By and large though, the real polish is being applied to the environments. Guerrilla's first game played out in a muddy warren of swamps and corridors, but the sequel takes the fight back to the Helghast's home planet. Killzone 2 tells an unusual war story, then: you're not the underdog anymore. In fact, the ISA are now all but victorious, zeroing in on the last enclave of a weakened enemy.

Squad-mate AI has been noticeably improved: your buddies do the same damage as you, but have less accuracy to balance it out.

"We knew the Helghast are fascist and wanted that to be reflected in their world, but we didn't want it to be too big and rich, so we made it cramped and dirty: China or Moscow rather than Berlin," says art director Jan-Bart Van Beek. The results are a cobbled-together futuristic slum, a decaying urban sprawl that threatens to spill apart. Rather than streets, the levels flow through empty concrete riverbeds, and there are signs of oppression and neglect everywhere.
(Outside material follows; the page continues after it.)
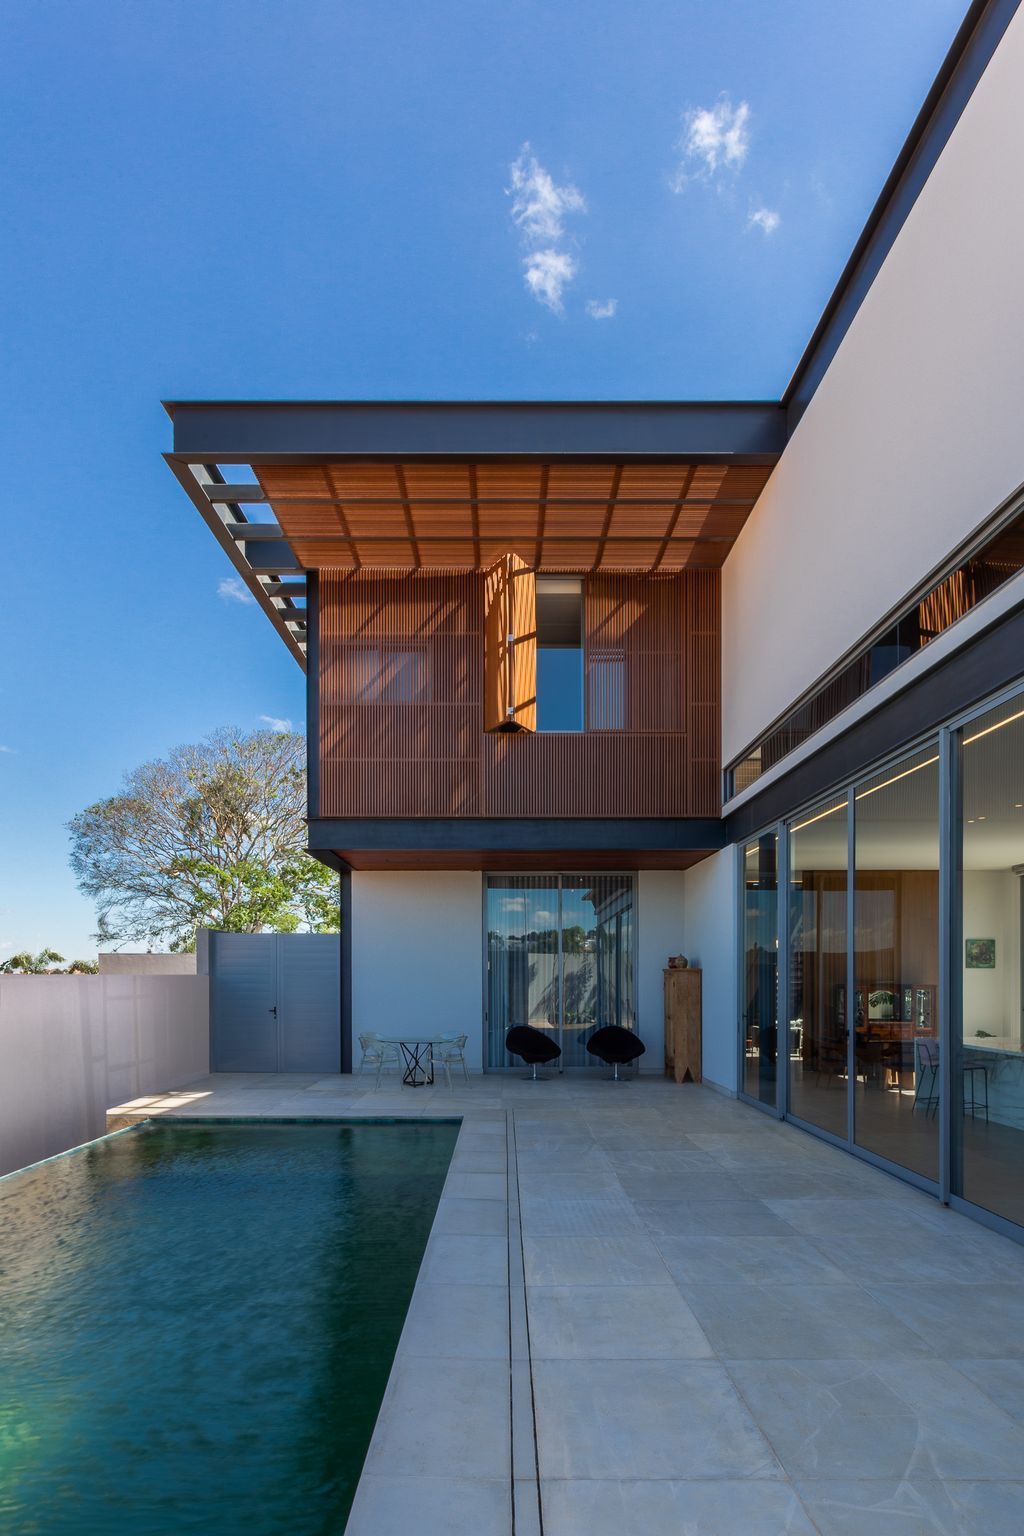 LM House, a practical and comfortable Home by João de Barro Arquitetura

But the game's in no danger of becoming samey - the city we've seen already isn't the only environment, and the rest display a surprising range of styles. A later visit to a forgotten Helghast outpost features carcasses of industrial buildings constructed from the bones of the spaceships that first landed there. The inspiration lies with Pakistani ship-breaking wharfs where boats are stripped for parts, and while it means yet more factories to plod through in a first-person shooter, these have a haunting, mysterious quality that makes them different: a mixture of the sad, the brutal, and the gently exotic. And in every location, the toxic variety of Helghan is always present. In the game's fiction, the planet's polluted atmosphere is itself a Class III toxin, and the ravaged weather system's lightning flashes and dust storms seem likely to have an influence on the level construction.